### [What the exercise asks]
Begin with the line that holds "Bandingkan Simpan Distro" and retype through the last line of the listing below, exactly; pictures are not part of the copy.

### [Recorded information]
* * * * * * *
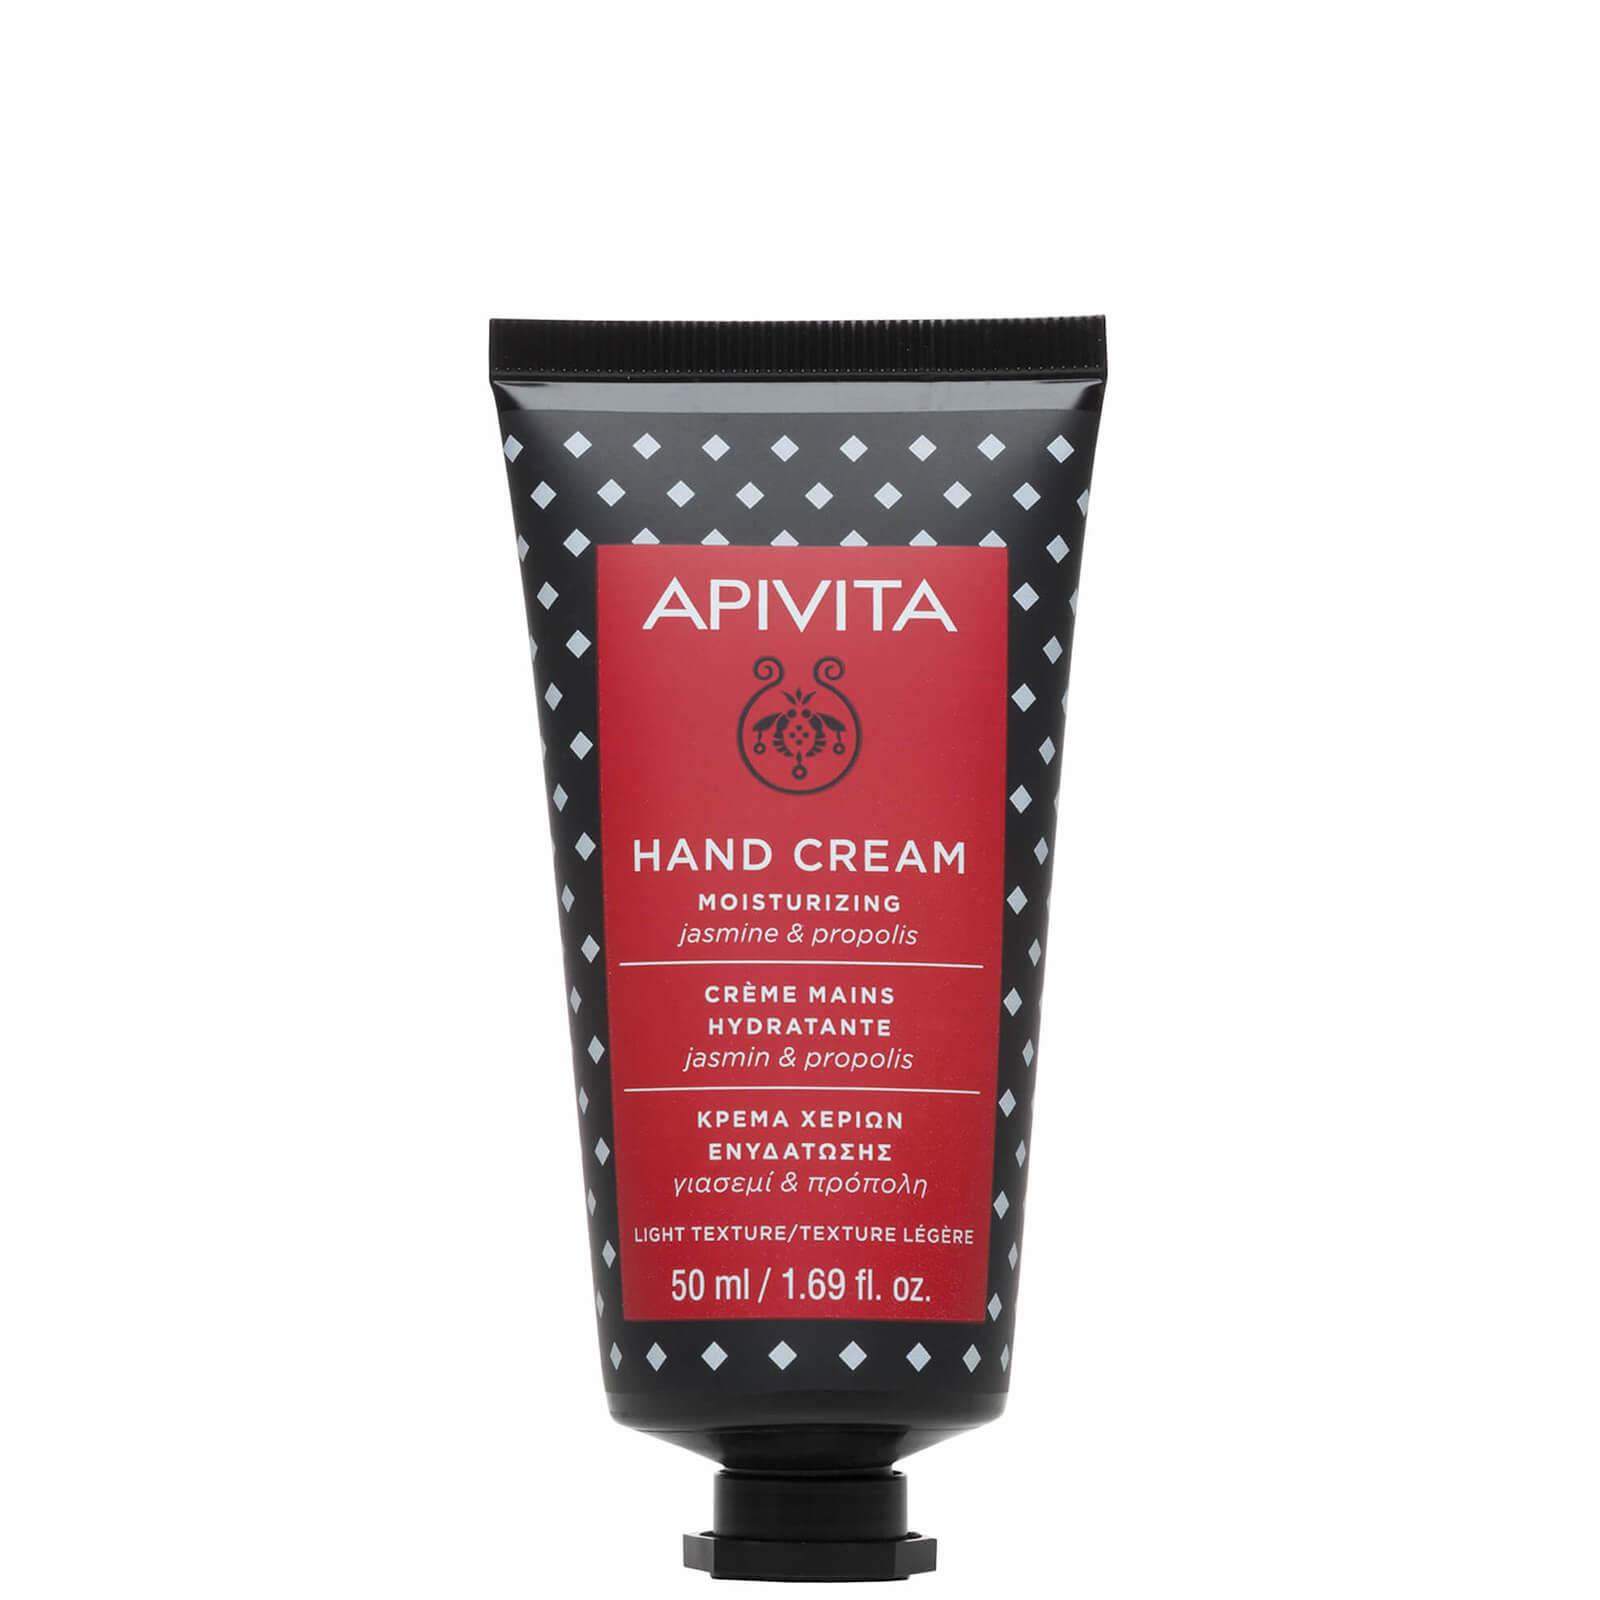 Купить Увлажняющий крем для рук с жасмином и прополисом APIVITA Hand Care Moisturizing Hand Cream - Jasmine & Propolis 50 мл
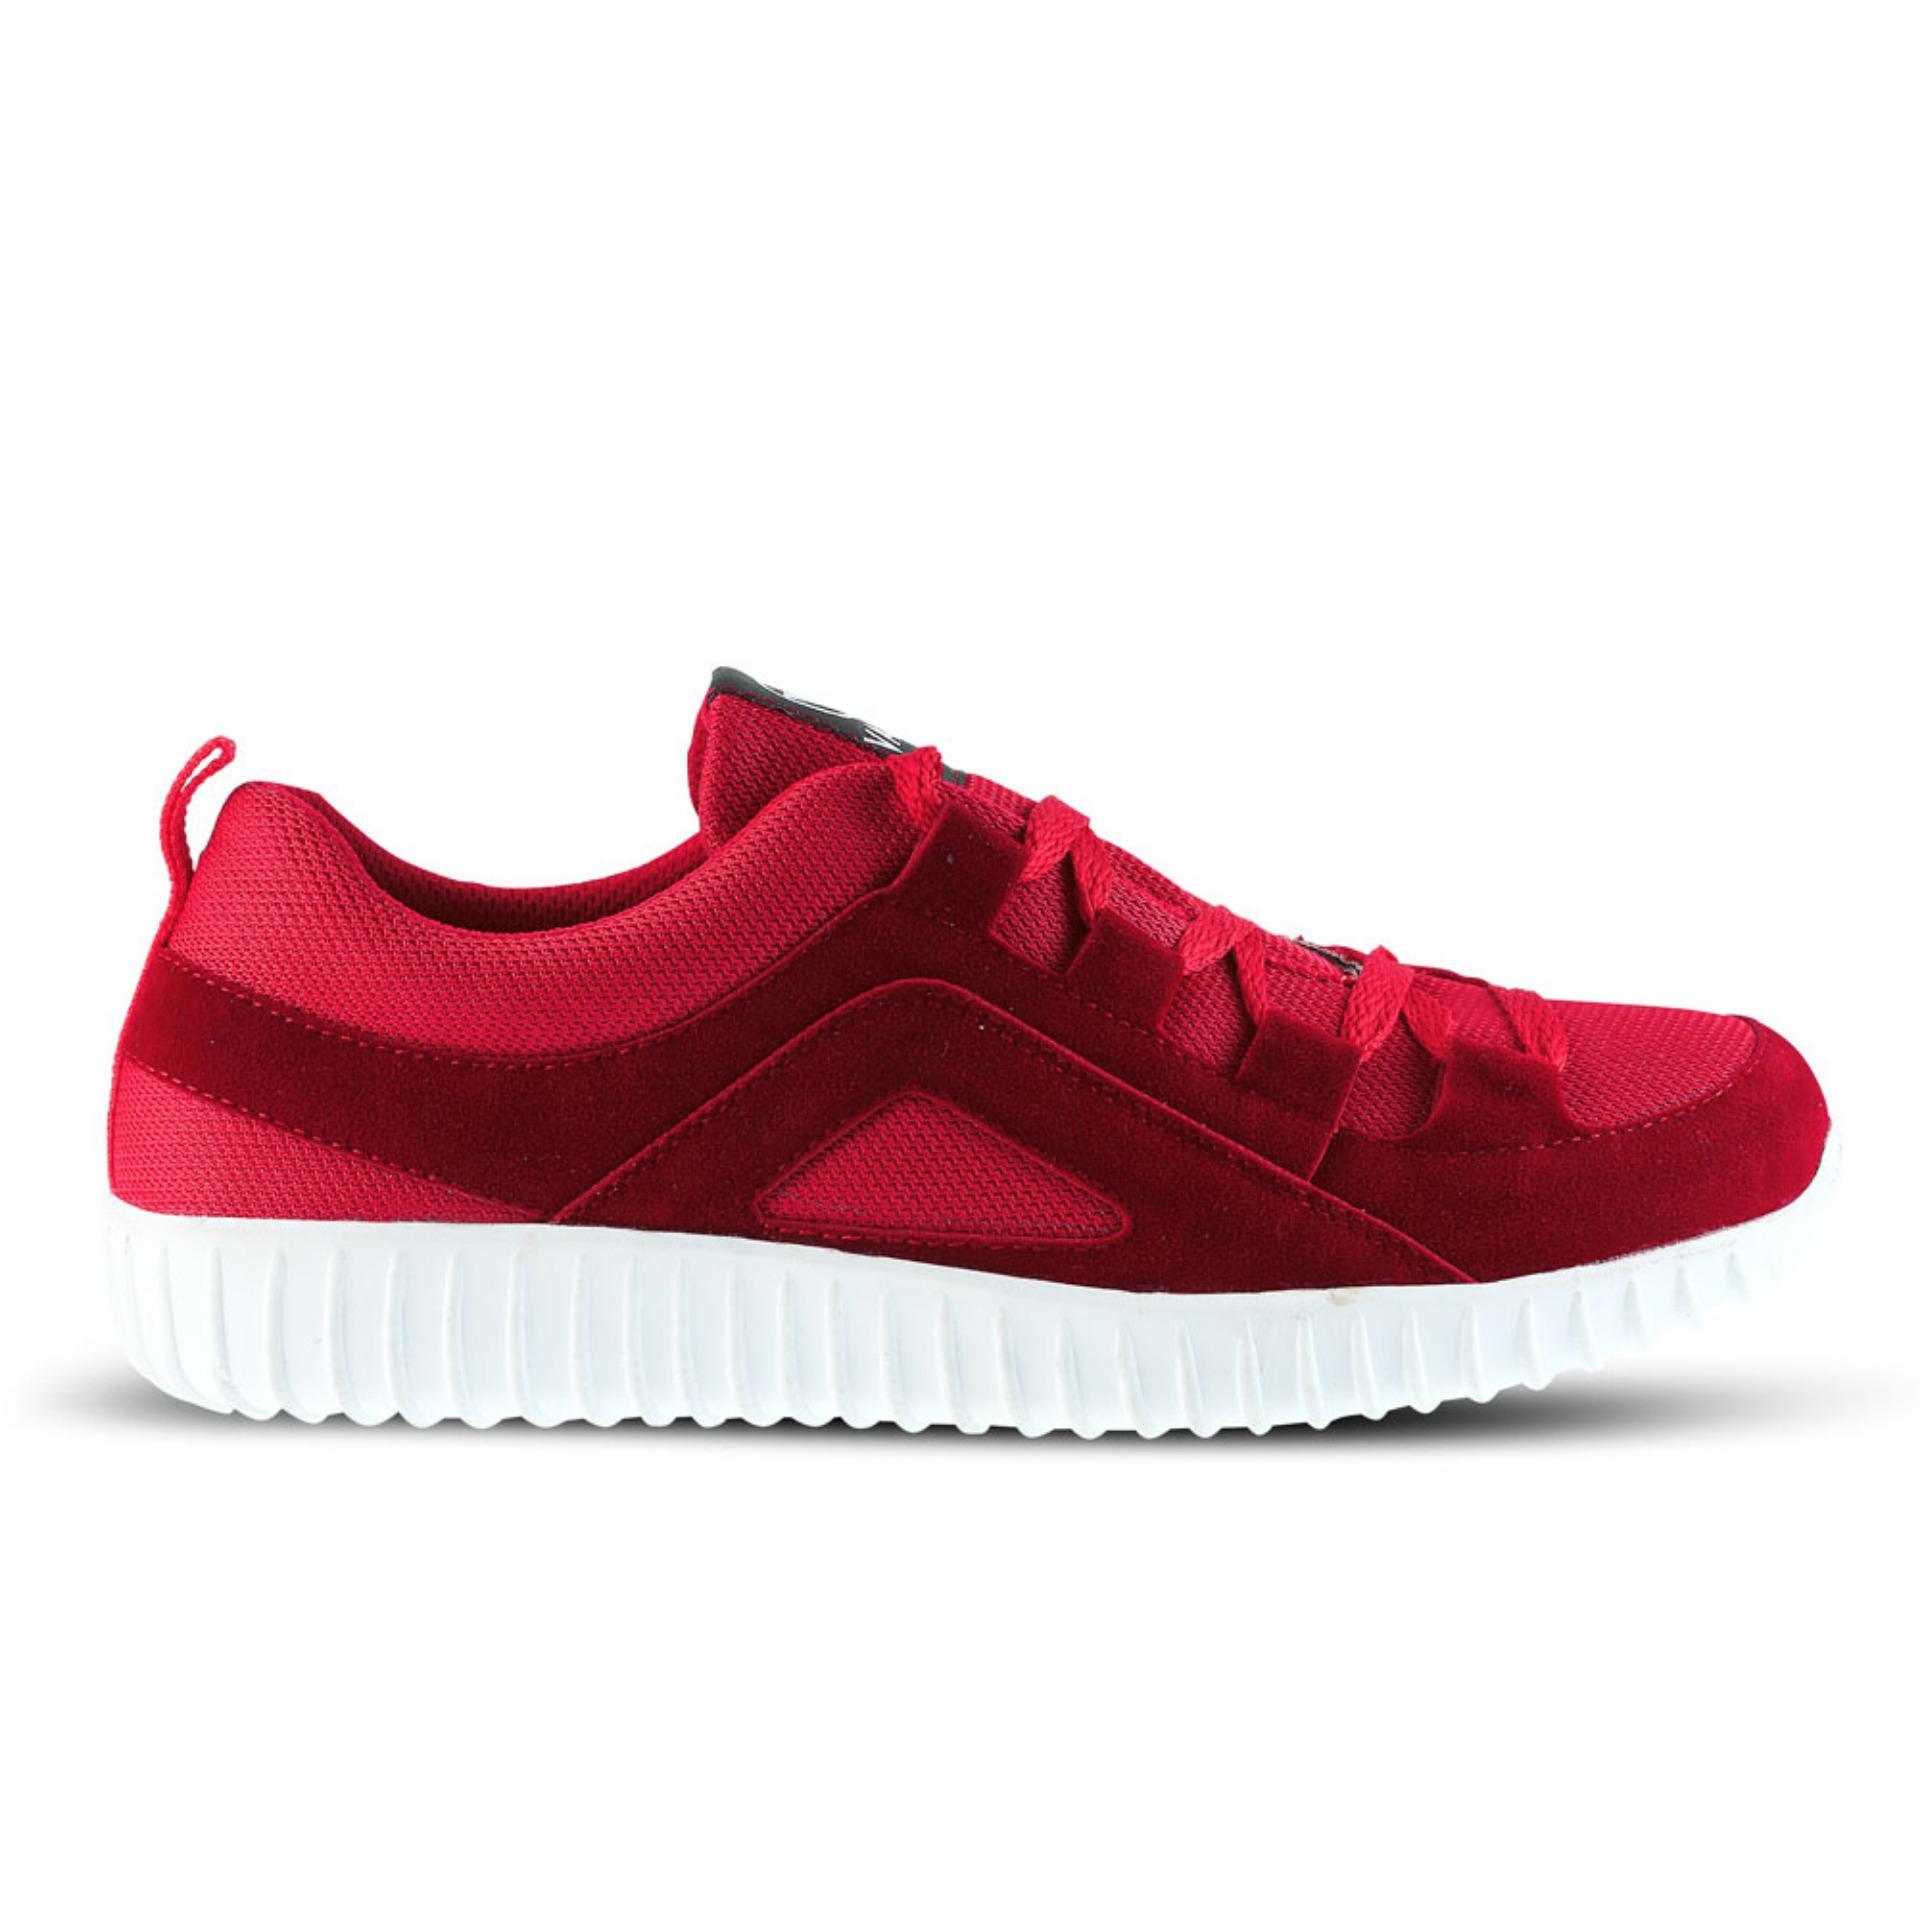 Bandingkan Simpan Distro Bandung Vr 420 Sepatu Sneakers Kets Dan Pria Kasual Sneaker Merah
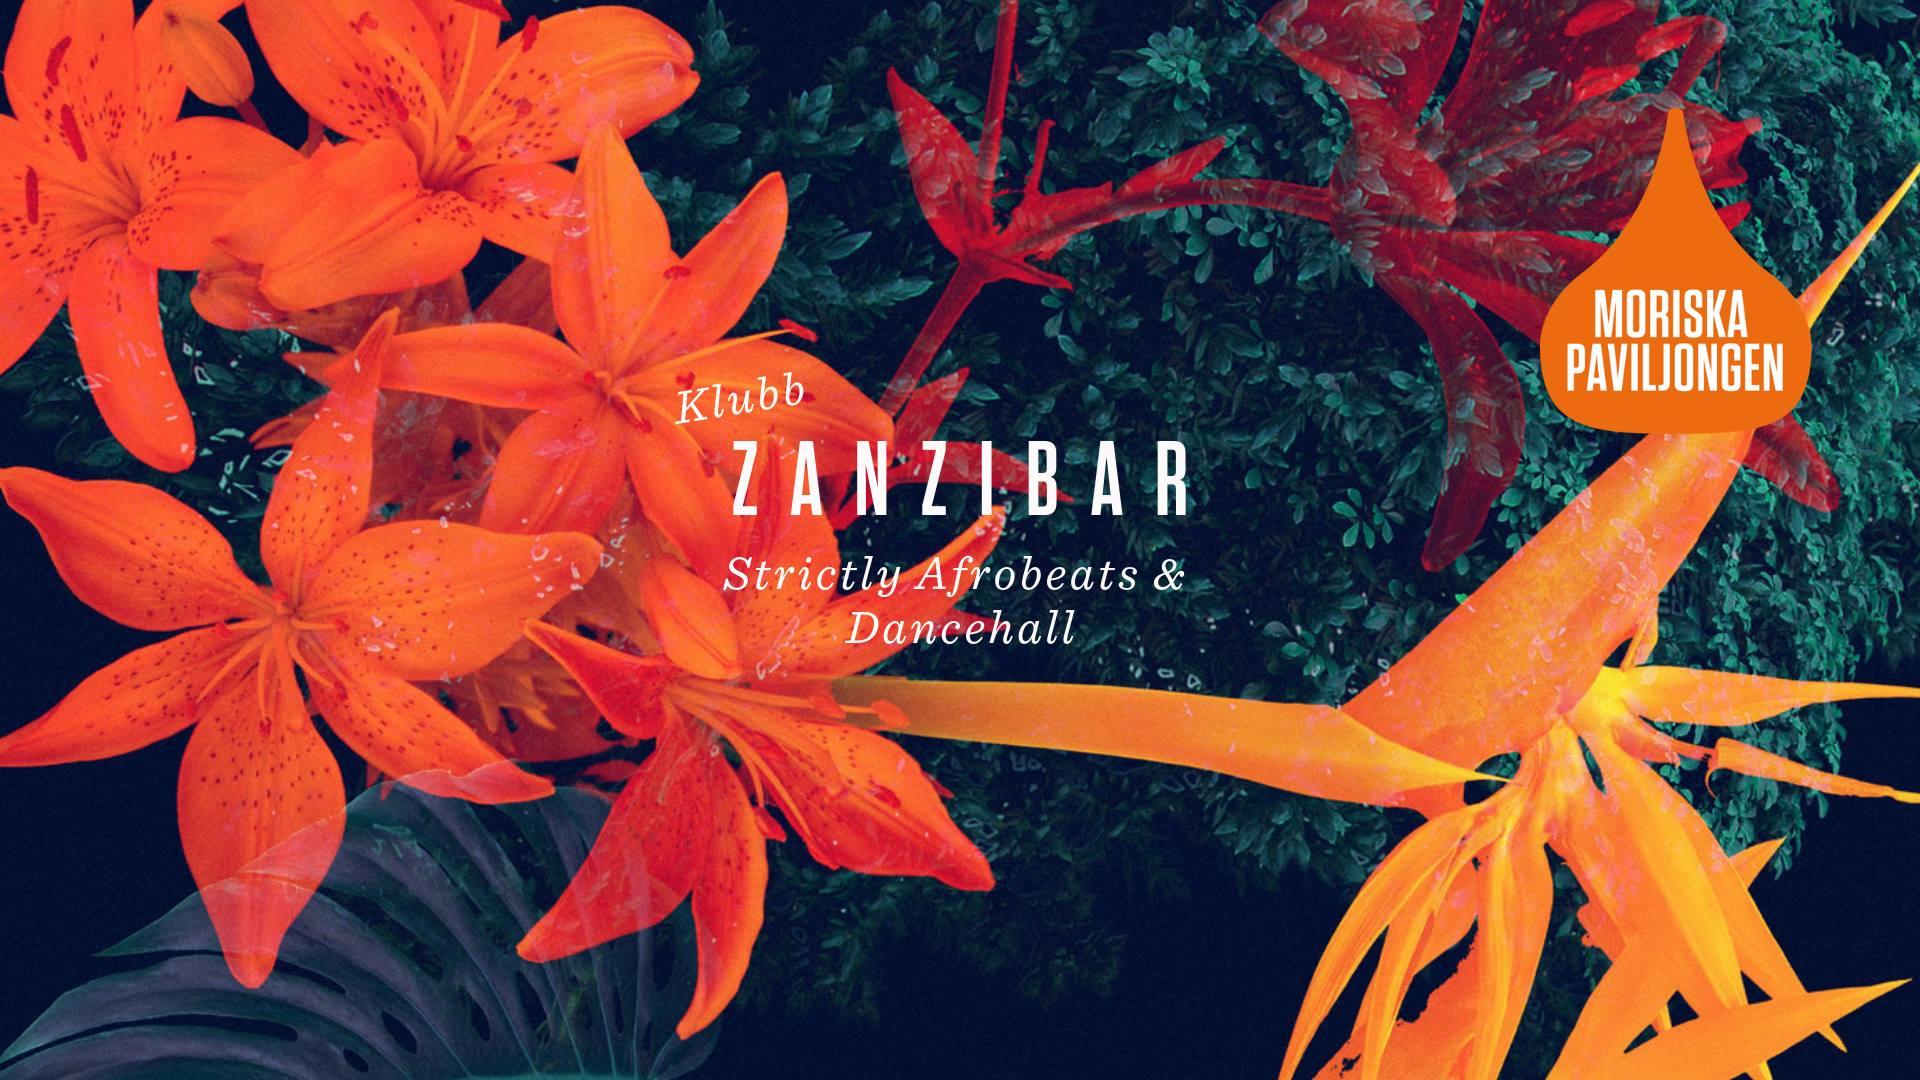 KLUBB: Klubb Zanzibar - Strictly Afrobeats & Dancehall! (MALMÖ)
* * * * * * *
### [Response to this exercise]
 Bandingkan Simpan Distro Bandung Vr 420 Sepatu Sneakers Kets Dan Pria Kasual Sneaker Merah
 KLUBB: Klubb Zanzibar - Strictly Afrobeats & Dancehall! (MALMÖ)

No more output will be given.